Doing INTERSECT and MINUS in MySQL
By Carsten | October 3, 2005
Recently, I was asked to contribute a series of entries for the MySQL Network Knowledge Base (to which you get access only if you’re a MySQL Network subscriber).
I thought the following ones were kind of fun, so I asked the maintainer if I would be allowed to post them here — and maybe someone could tell me if I’m completely off-track or have suggestions for improvements.

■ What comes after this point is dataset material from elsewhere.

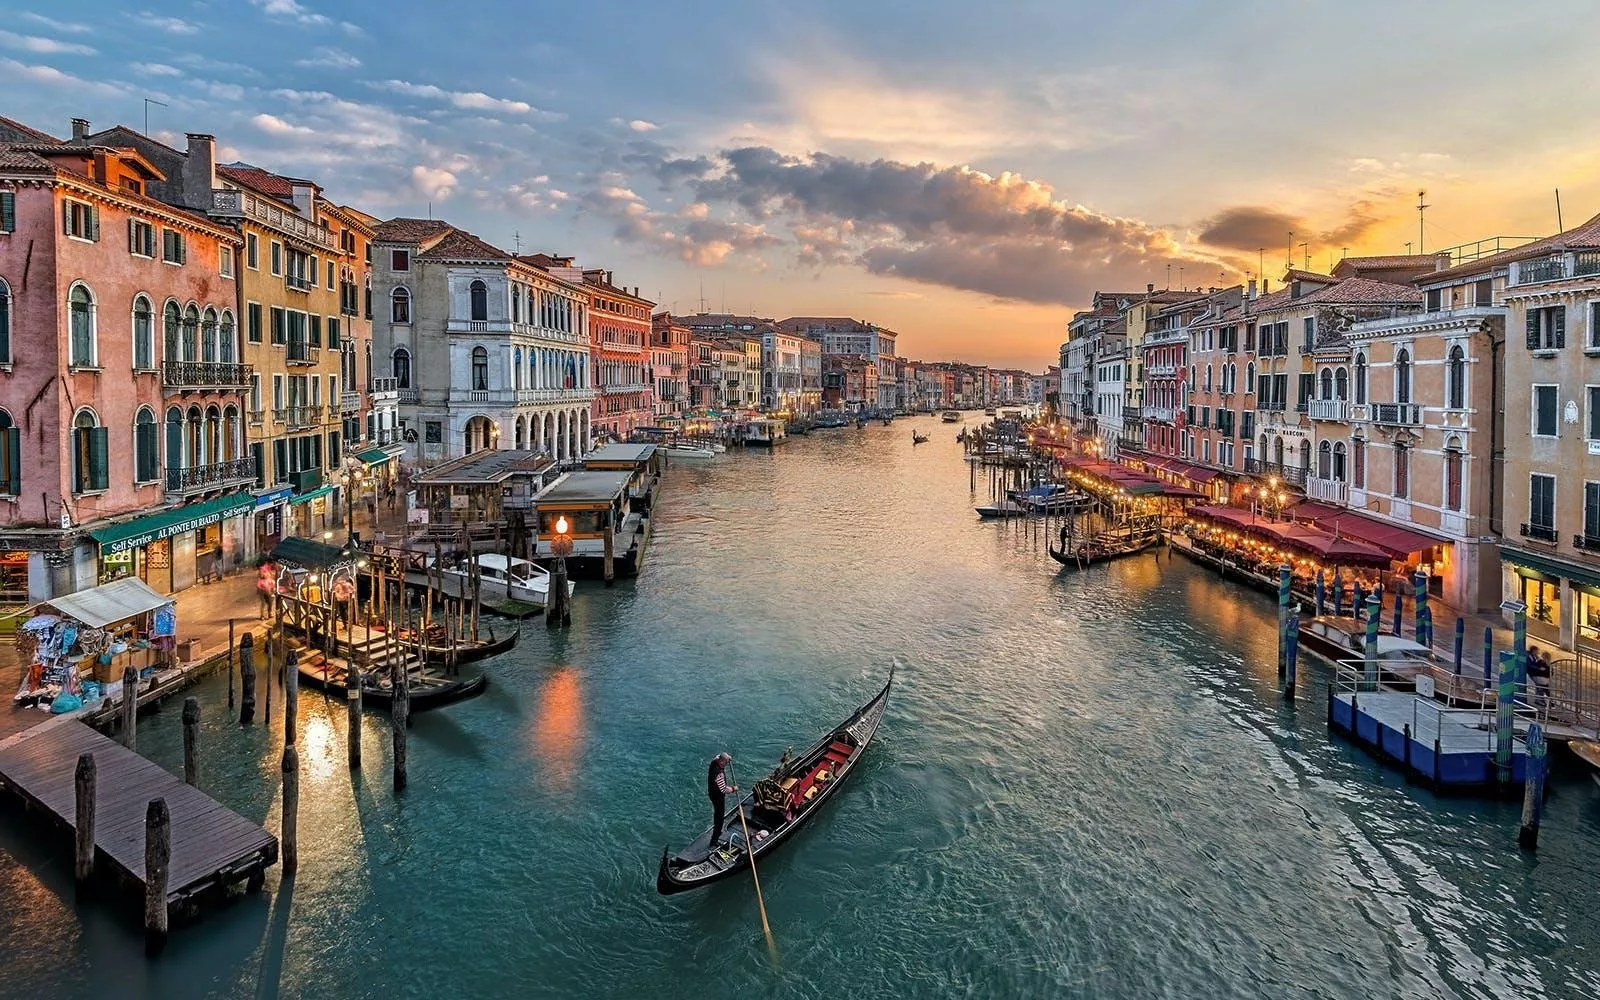 ما هي افضل الاماكن السياحية في ايطاليا التي يمكن زيارتها؟

Updated: My esteemed colleague Dean Ellis made me aware of a couple of issues with my suggestions, so here’s an update
Doing an INTERSECT
An INTERSECT is simply an inner join where we compare the tuples of one table with those of the other, and select those that appear in both while weeding out duplicates. So
SELECT member_id, name FROM a
INTERSECT
SELECT member_id, name FROM b
can simply be rewritten to
SELECT a.member_id, a.name
FROM a INNER JOIN b
USING (member_id, name)
For more MySQL-related information om this site, see:
MySQL Pop Quizzes || MySQL Function of the Day
MySQL DATE_FORMAT() and PHP DATE() tool
Other MySQL blog entries
Performing a MINUS
To transform the statement
SELECT member_id, name FROM a
MINUS
SELECT member_id, name FROM b
into something that MySQL can process, we can utilize subqueries (available from MySQL 4.1 onward). The easy-to-understand transformation is:
SELECT DISTINCT member_id, name
FROM a
WHERE (member_id, name) NOT IN
(SELECT member_id, name FROM table2);
Of course, to any long-time MySQL user, this is immediately obvious as the classical use-left-join-to-find-what-isn’t-in-the-other-table:
SELECT DISTINCT a.member_id, a.name
FROM a LEFT JOIN b USING (member_id, name)
WHERE b.member_id IS NULL
which tends to be a lot more efficient.
Topics: MySQL |
October 16th, 2005 at 9:31 pm
These examples are very usefull, however, I think it is important to comment that internally something totally different happens. When you would do and INTERSECT query for example, it would query the results from table A and table B and then compare both sets. With the MySQL solution you describe it would query all results from the first table and then do a lookup for each result in the second table. This results in worse performance when your query returns a huge number of results. For most uses your approach will be a good solution doh
October 4th, 2006 at 1:44 pm
This is realy very helpful. i have across the fact that mysql 4.0 version
has lots of limitation. coming from oracle background it is difficult to think of writting queries when you are not sure whether this will work or not. so this kind of website proves to be very handy. Thank you
May 4th, 2007 at 10:05 am
what if i have 3 tables or more to intersect with each other? thanks!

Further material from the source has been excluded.